Stir in the wine and cook until it has completely evaporated, about 1 minute. Stir in 1½ cups water, the stock, salt, and pepper. Bring to a boil. Cover, transfer to the oven, and bake, until most of the liquid has been absorbed by the rice, 20 to 25 minutes. Remove from oven. Stir in ½ to ¾ cup water, the butter, cheese, and parsley. Serve immediately.
6. Saffron Rice Pilaf
Saffron threads, Food.com explains, will retain flavor longer than ground saffron will. To get the most out of the spice, crush the threads immediately before you plan on using them. Follow this guideline when you make the saffron rice pilaf from Gourmet found on Epicurious.

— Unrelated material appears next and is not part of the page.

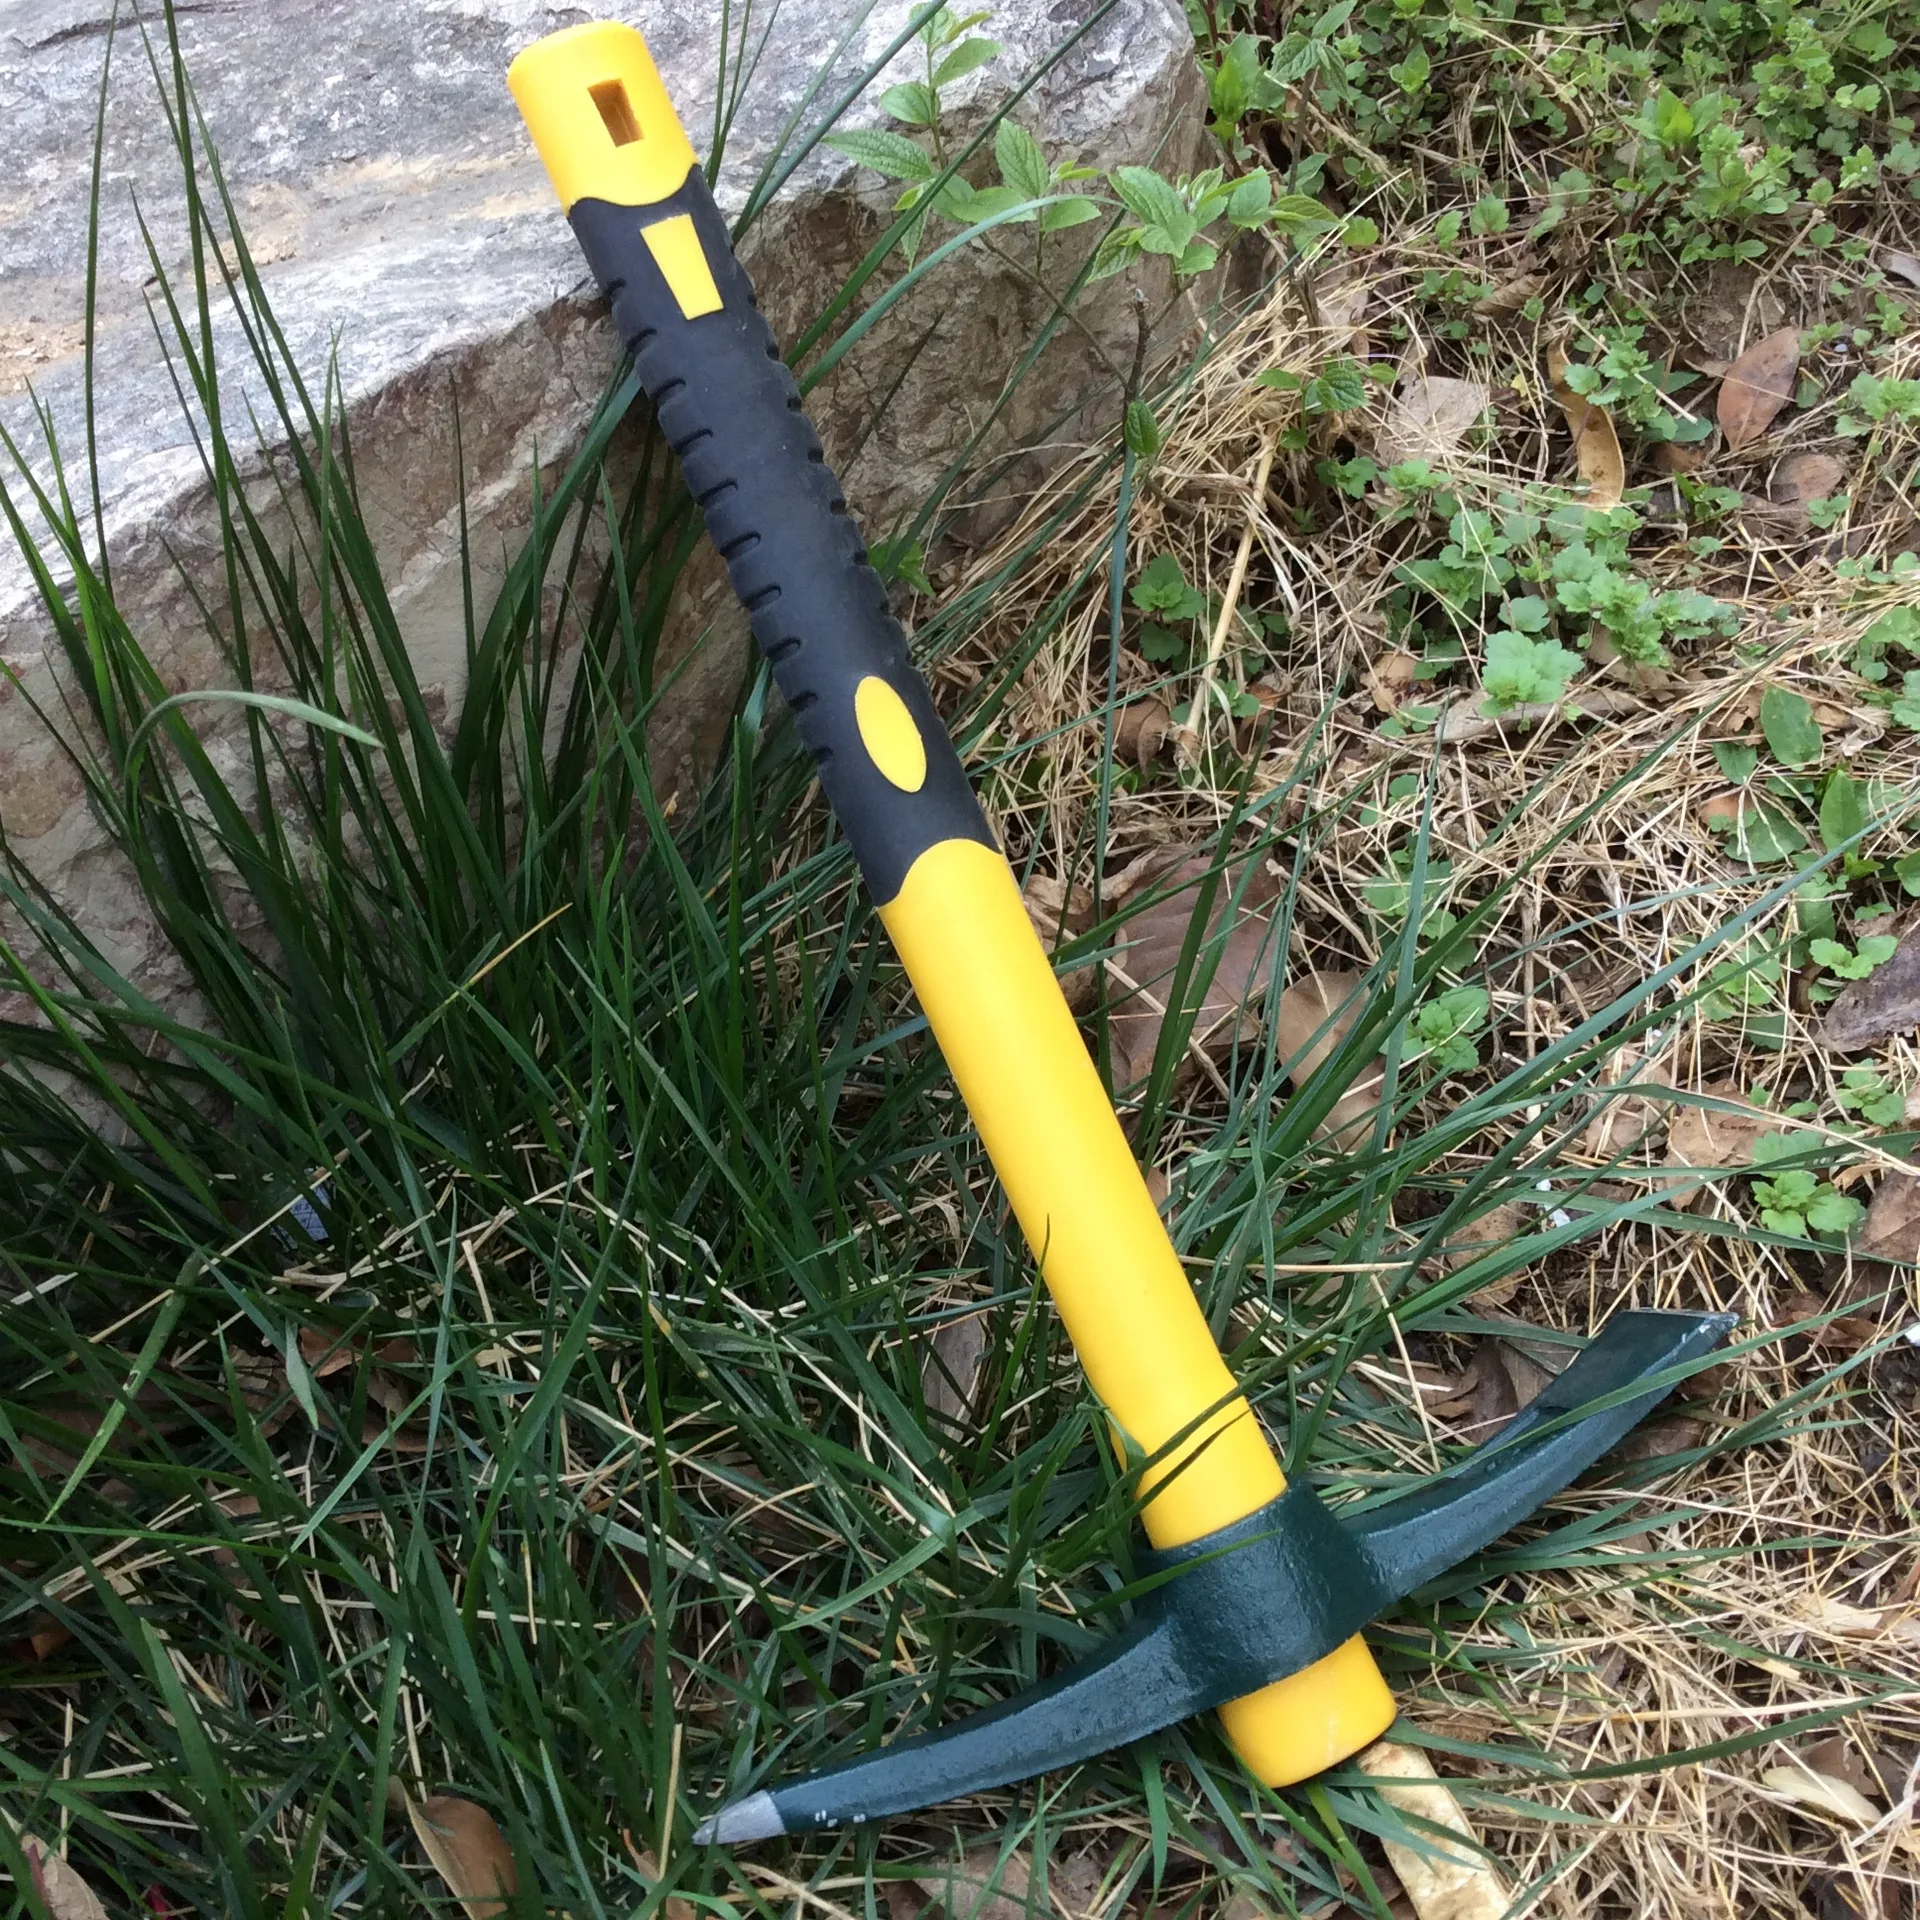 

Pickaxe Outdoor Camping Mountain Mattock Fiberglass Handle Pick Axe Small Size Garden Pick Hand Tools

- ¾ teaspoon crumbled saffron threads
- 2 tablespoons boiling-hot water
- ⅓ cup olive oil
- 1 cup slivered almonds (4 ounces)
- 1 very large onion, chopped (3 to 4 cups)
- 3 cups white basmati rice (19 ounces)
- 4½ cups water
- 1 cup dried currants (4 ounces)
Directions: Soften saffron in hot water (2 tablespoons) in a small bowl. Heat oil in a 5-quart heavy pot over medium-high heat until it shimmers. Fry almonds, stirring frequently, until golden, about 3 minutes. Transfer with a slotted spoon to paper towels to drain.
Fry onion in oil remaining in pot, stirring occasionally, until golden brown, 15 to 20 minutes. Transfer half of onion to a bowl. Add rice to onion in pot and cook, stirring, until fragrant, about 2 minutes. Add water (4½ cups), saffron mixture, 1½ teaspoons salt, and ½ teaspoon pepper and bring to a simmer. Reduce heat to low and cook, covered, until water is absorbed and rice is tender, 18 to 20 minutes.
Let rice stand, covered, off heat 5 minutes. While rice stands, stir almonds and currants into bowl with onion. Fluff rice with a fork and serve with almond mixture spooned on top.